That server logic is fine for the most part, but it’s not going to work perfectly for the application I want. In the current form, output$content only depends on input$action, so the server won’t be triggered to do anything unless the user clicks the action button. To fix that, and make sure the server updates the content whenever the slider state changes, I’ll add a dependency on input$response:

server <- function(input, output) {
  
  # read the stimulus materials
  study <- myStimuli()
  
  # how to handle the end of the current trial?
  observeEvent(
    eventExpr = input$action, # when user clicks the action button
    handlerExpr = endTrial(input, study) # end this trial
  )
  
  # how to generate the next trial?
  output$content <- renderPlot(
    expr = processContent( study[[input$action+1]], input$response) 
  )
}

I’ve also switched from renderText to renderPlot when specifying how the server should render the content, because for this app I want to draw pictures rather than write text

So, to complete the server I need to define three functions:

  • myStimuli() defines the stimuli
  • processContent() tells the server how to update the plot
  • endTrial() tells the server how to handle an end-of-trial event

Step 5: Defining the stimuli

At the moment I’m not too interested in what the stimuli will be, so all I’m going to do is return just a dummy list,

myStimuli <- function() {
  stimuli <- list(
    "Trial 1 of 3",
    "Trial 2 of 3",
    "Trial 3 of 3"
  )
  return(stimuli)
}

and the only thing we’re going to use that for is to write the title to the plot!

Step 6: Telling the server what plot to draw

Next I need to define processContent, which is the function that the server will call every time it needs to redraw the figure. It takes information about the stimulus (used as the plot title), the params vector that contains information about the state of the slider bar, and a dummy plot variable that specifies whether it’s actually supposed to draw the plot…

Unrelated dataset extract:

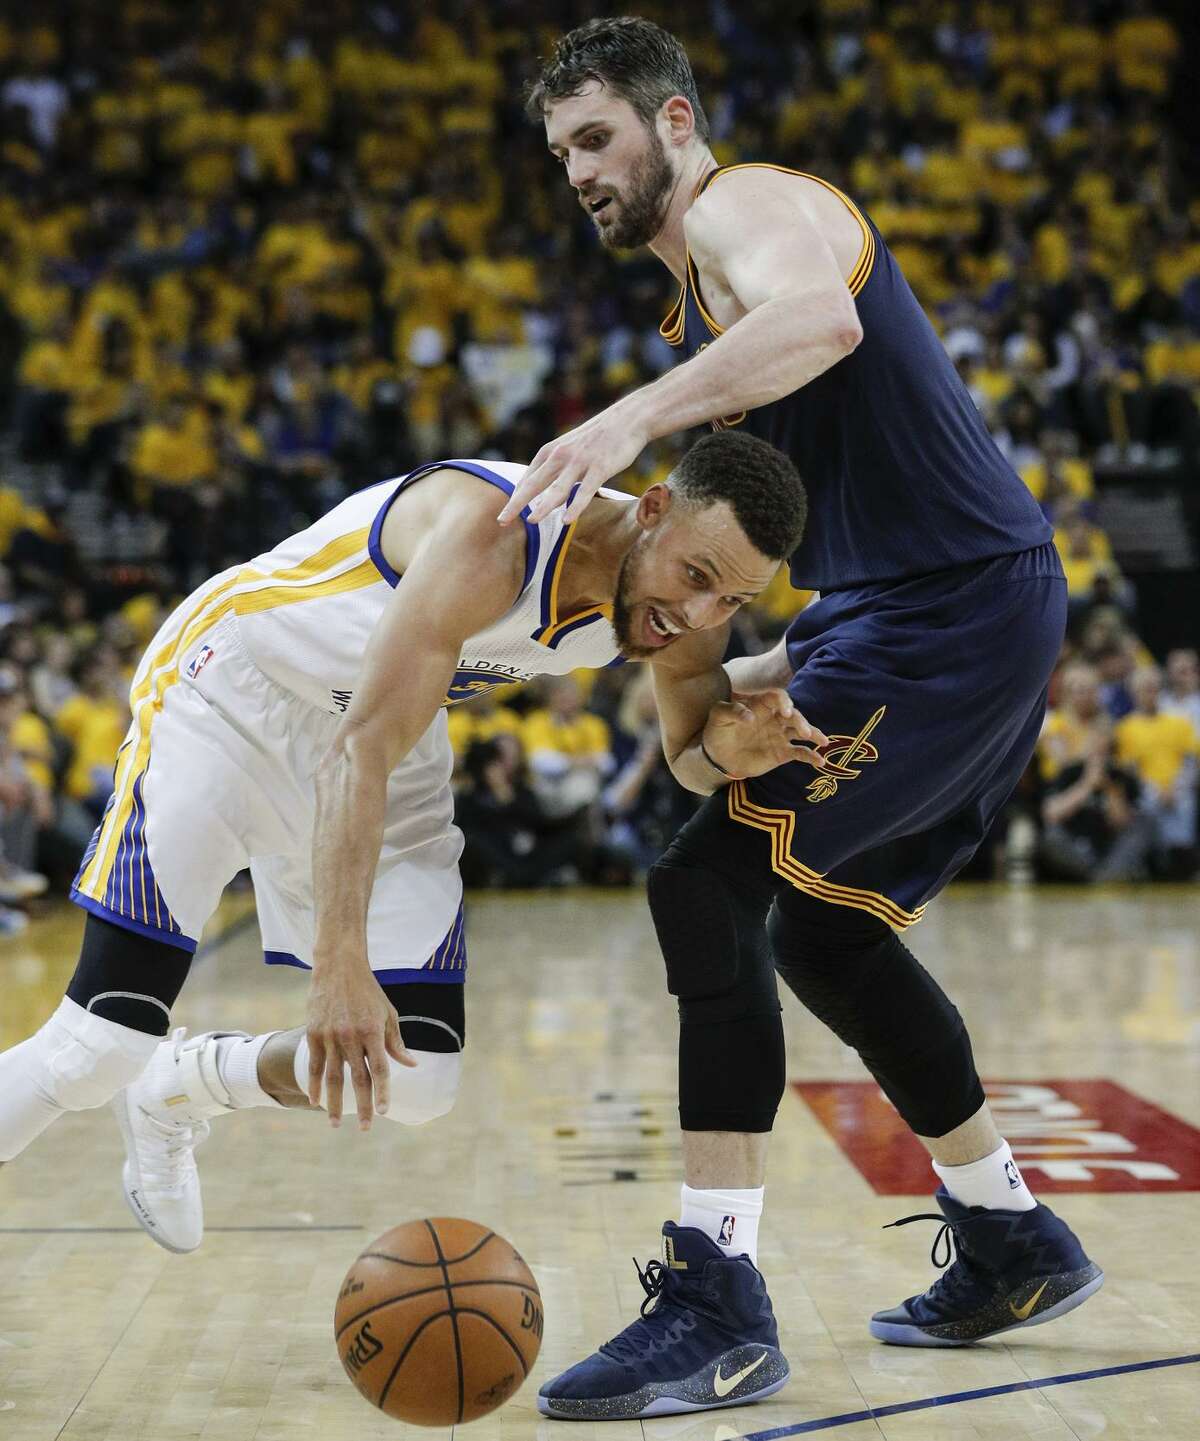 Golden State Warriors' Stephen Curry gets past Cleveland Cavaliers' Kevin Love in the fourth quarter during Game 1 of the 2017 NBA Finals at Oracle Arena on Thursday, June 1, 2017 in Oakland, Calif.
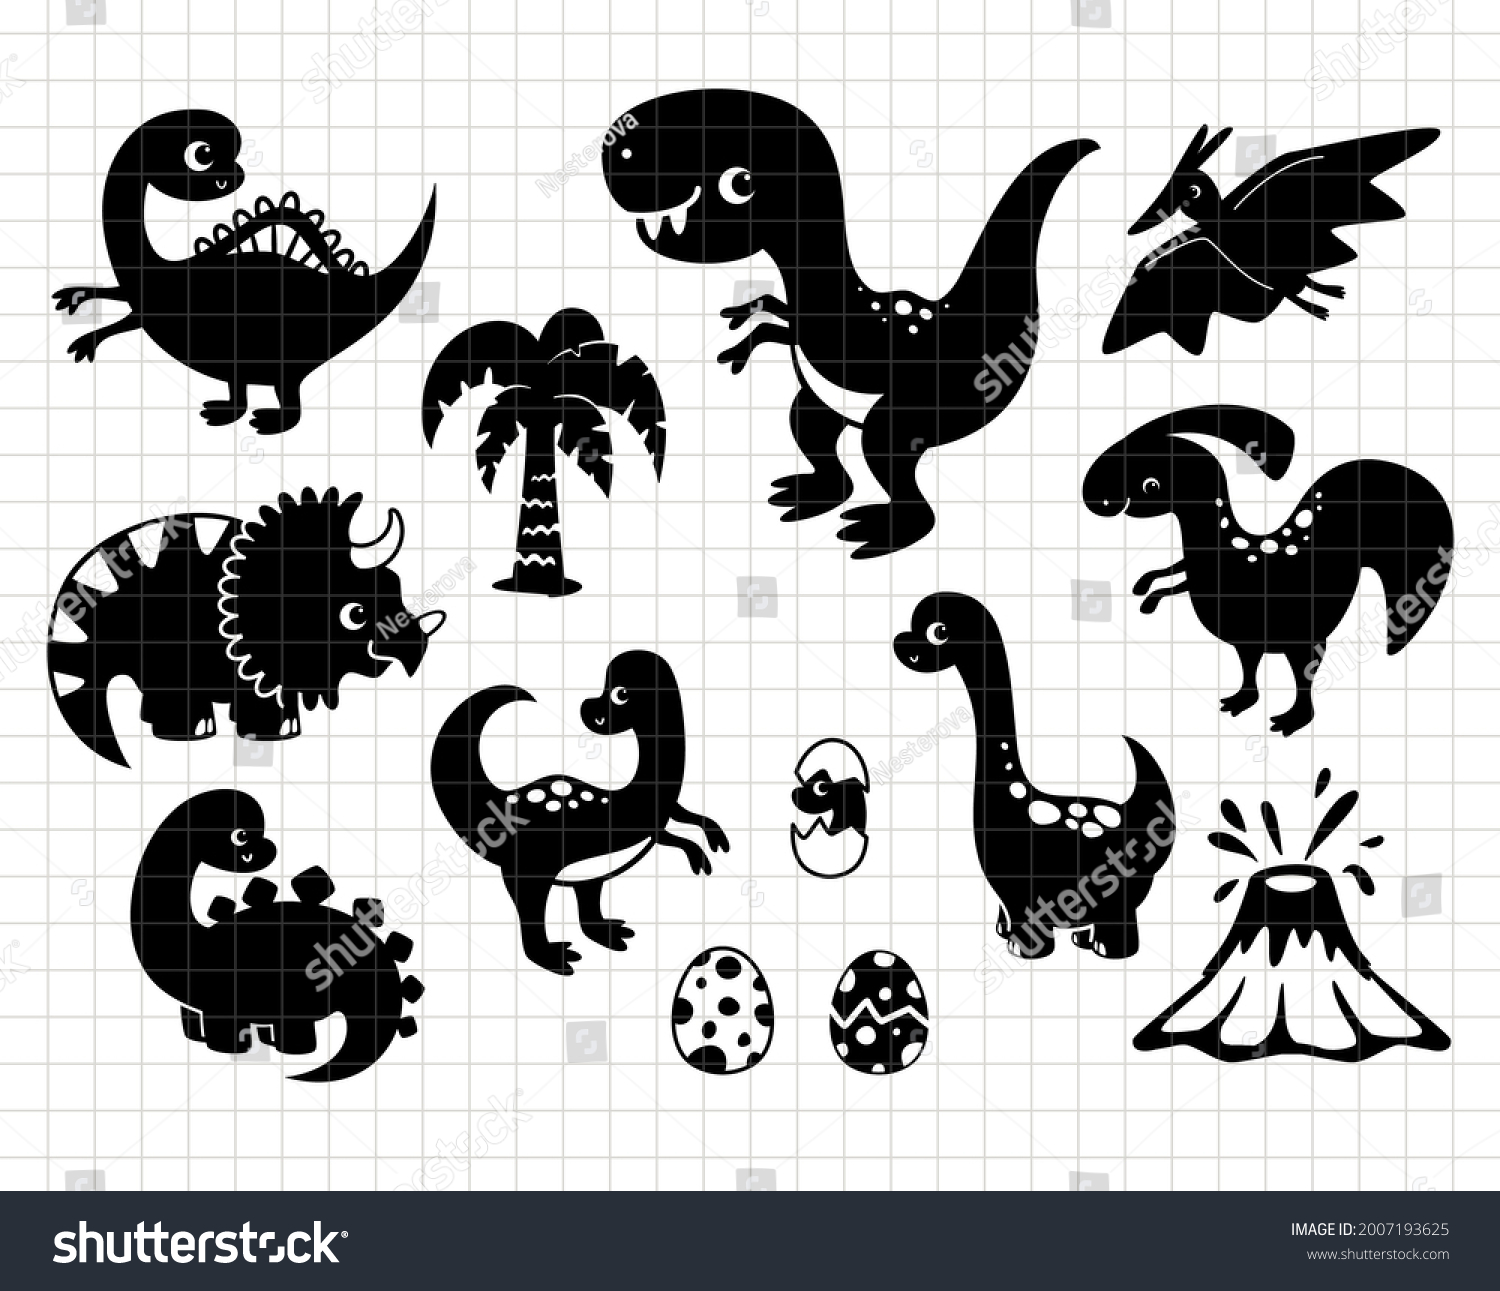 SVG of Funny dinosaurs cartoon clip art. Silhouette vector flat illustration. Cutting file. Suitable for cutting software. Cricut, Silhouette svg

processContent <- function(stimulus="", params=c(0,1), plot=TRUE) {

  # parameters
  xi <- mean(params[1:2])  # location
  omega <- (params[2] - params[1])/2  # scale
  
  # don't let the variance be zero
  if(omega == 0) omega <- .1
  
  # use a binned, truncated skew-t distribution with heavy 
  # tails (nu = .5) to map the slider state onto a distribution
  x <- -4.5:4.5
  nbins <- length(x)-1
  p <- pst(x, xi, omega, alpha = 0, nu = .5)
  p <- p[-1] - p[-(nbins+1)]
  p <- p/sum(p)
  x <- x[-1] - .5
  
  # if requested draw a barplot
  if(plot){
    par(mar=c(3,0,3,0))
    barplot(p, ylim=c(0,.8), axes = FALSE, col = "black",
            names.arg =  LETTERS[1:nbins], cex.names = 2, 
            main = stimulus)
  }
  
  # return the probabilities of each bin
  return(p)
  
}

I’ve used the pst function in the sn package to calculate the cumulative distribution function for the skew-t distribution. It’s a little overkill, since I’m currently not using the skewness parameter for anything, but at some point I’d like to extend the UI to allow that.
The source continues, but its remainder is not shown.